Once rumored for Broadway in a since-thwarted production by Mike Nichols with film star Jake Gyllenhaal, Beau Willimon’s play Farragut North, which takes its title from a Washington, D.C. subway station, instead finds itself as one of the Atlantic Theatre Company’s fall offerings. The play follows the career of an up-and-coming press secretary and his run-in with the more back-handed side of politics in Washington on the eve of a tight presidential primary election.
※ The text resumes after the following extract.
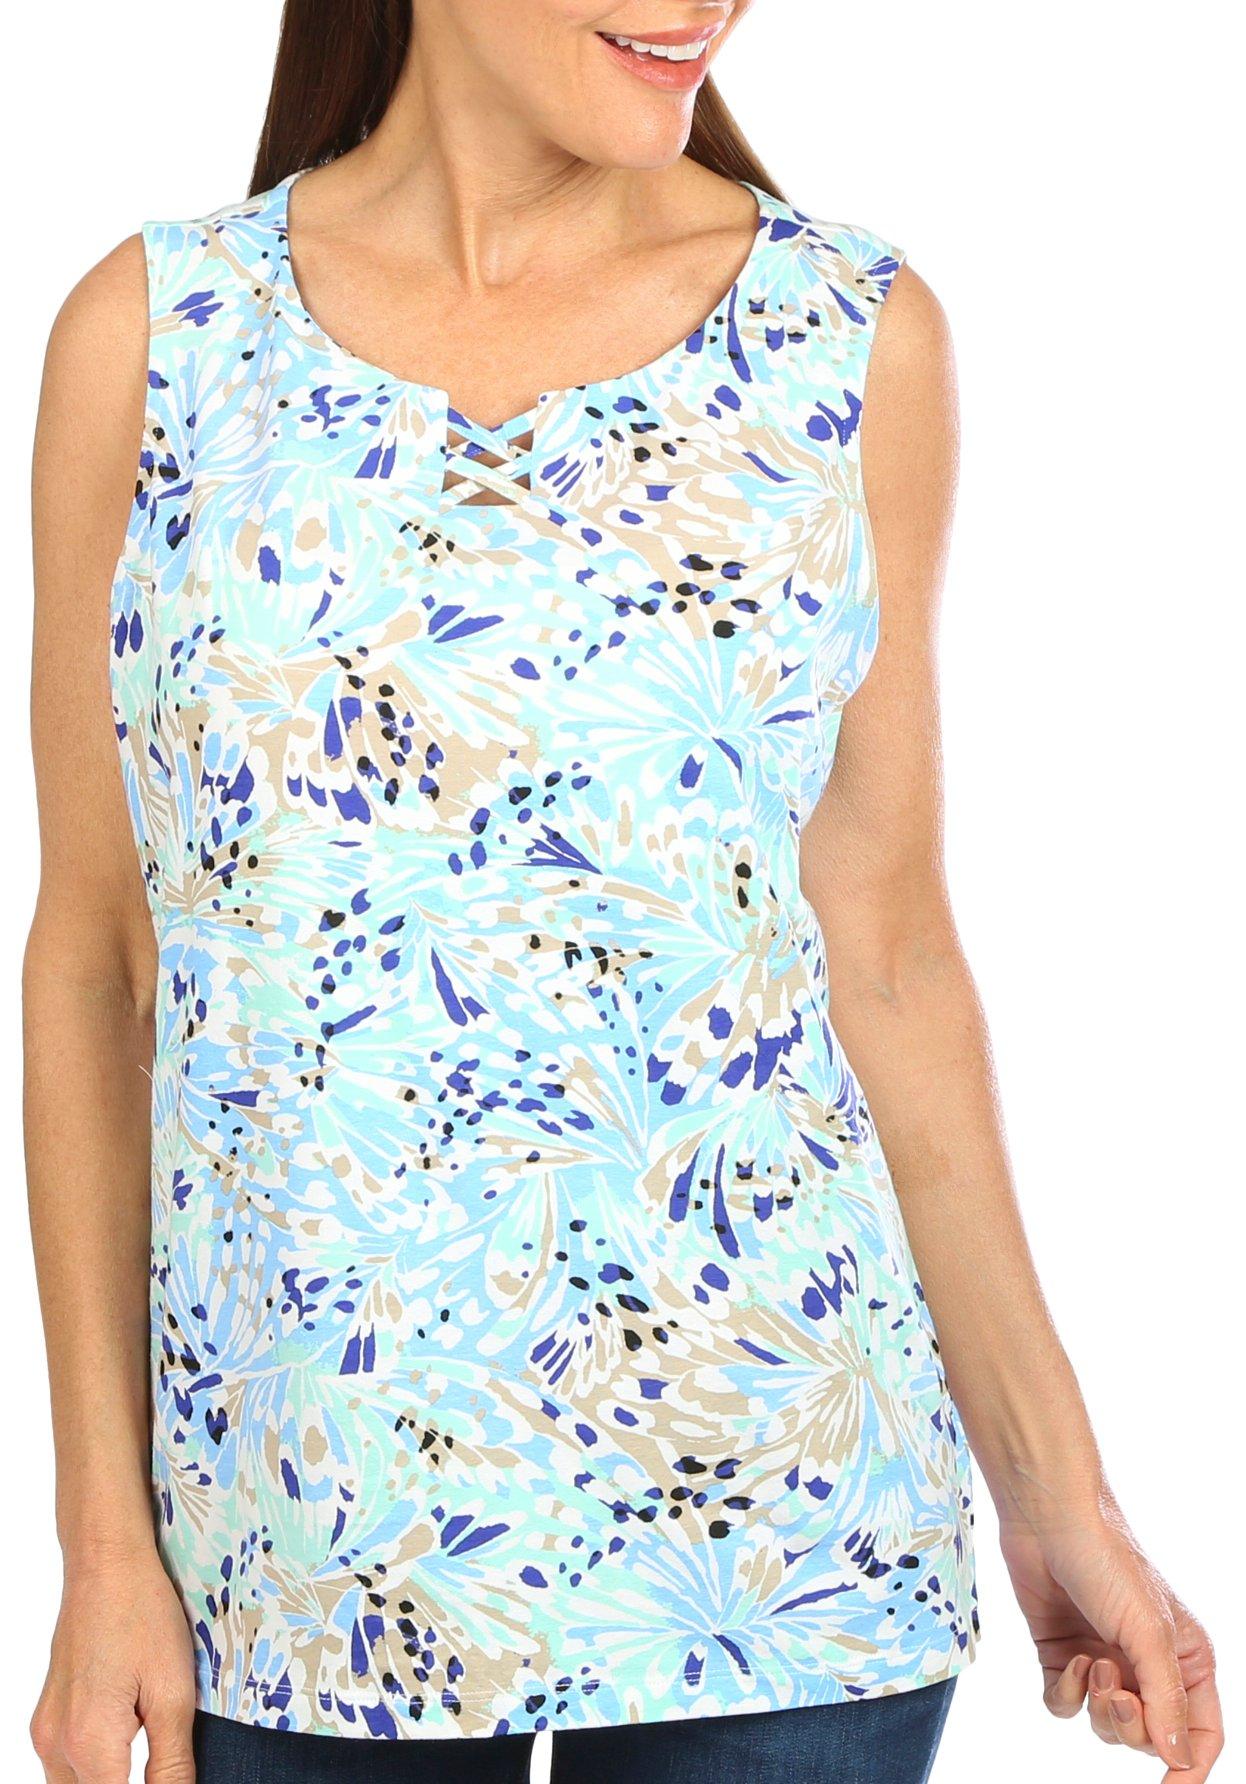 Coral Bay Womens Criss Cross Butterfly Print Sleeveless Top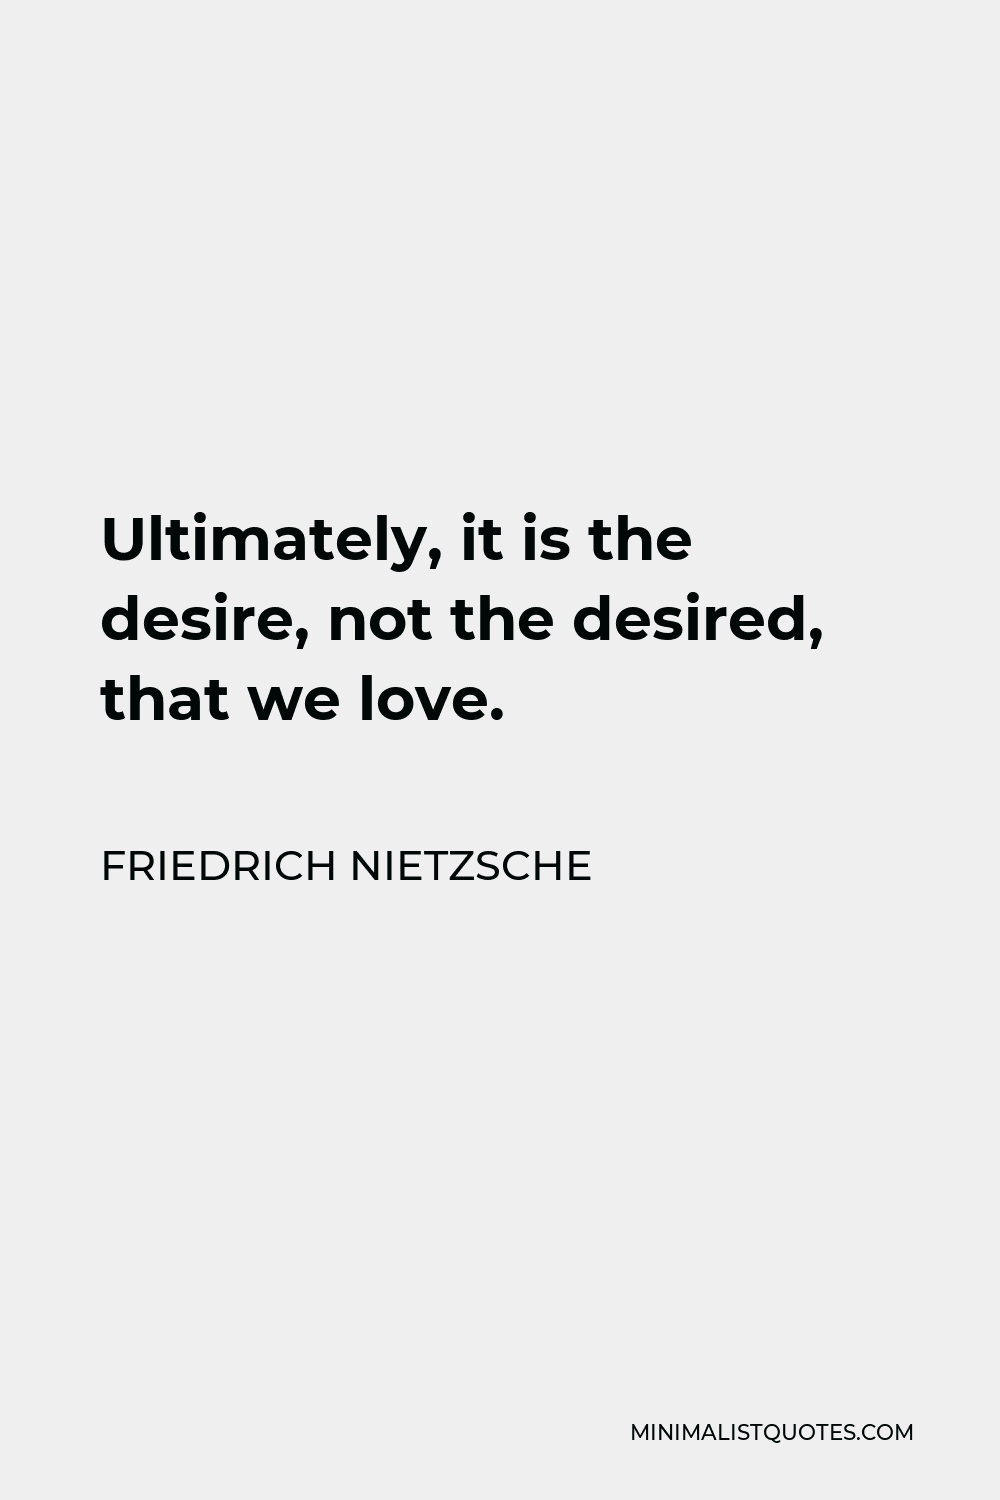 Friedrich Nietzsche Quote - Ultimately, it is the desire, not the desired, that we love.

Directed by Tony-winner Doug Hughes and starring Tony Winner John Gallagher, Jr. alongside Chris Noth, Farragut North promises to be the perfect play for topical election season theatergoing.

9. On the Town, Encores! @ New York City Center

19 November – 23 November

By now, Encores! is known for its glitzy limited run revivals of musicals from the past. Their mission is generally to revive lesser-known or rarely-revived shows, past productions ranging from well-known entities (Follies, Kismet, Bye Bye Birdie) to forgotten gems (The Apple Tree; No, No, Nanette; Applause), On the Town representing one of the former. With music by Leonard Bernstein and book and lyrics by Betty Comden and Adolph Green, On the Town follows a day in the life of three sailors on leave in New York City, inspired by the 1940s Jerome Robbins ballet Fancy Free. Encores! typically attracts top-notch casts, and though no cast members for On the Town have yet been released, the cast announcement is sure to contain at least a handful of Broadway veterans.

10. Saturn Returns, Lincoln Center Theater @ Mitzi Newhouse Theatre

Begins 16 October 2008

This new play by fast-rising young playwright Noah Haidle makes use of planetary positioning and intrafamilial tensions in order to weave a trans-generational story of a man (portrayed by three different actors as he ages – Robert Eli, John McMartin, and James Rebhorn) and the three women in his life (each played by Rosie Benton). The Mitzi Newhouse is typically home to the plays in Lincoln Center Theater’s repertoire that reflect assured up-and-coming voices in modern drama, and this production looks to continue that trend.

Off-Off-Broadway

In addition to this fall’s off-Broadway offerings, there are a few off-off-Broadway productions of note as well. Sarah Kane’s Blasted, which caused a minor sensation when it opened at London’s Royal Court Theatre in 1995, causing the beginning of the In-Yer-Face movement, finally makes its New York debut at Soho Rep (2 October – 26 October). Also from Britain, the National Theatre’s production of Waves (12 November – 22 November), a multimedia adaptation of Virginia Woolf’s novel The Waves helmed by experimental British director Katie Mitchell, will play the Duke on 42nd Street thanks to Lincoln Center.

Also at the Duke is Matt Sax’s hip-hop musical Clay (6 October – 8 November), the first offering from LCT3, Lincoln Center Theater’s new initiative aimed at advancing the work of emerging playwrights, designers, and directors. Finally, the National Theatre of Scotland, which has made a splash this summer with its production of The Bacchae starring Alan Cumming at Lincoln Center Festival, revives its production of Black Watch (9 October – 30 November) by Gregory Burke, a riveting drama about Scottish involvement in the Iraq War in what promises to be an unmissable event.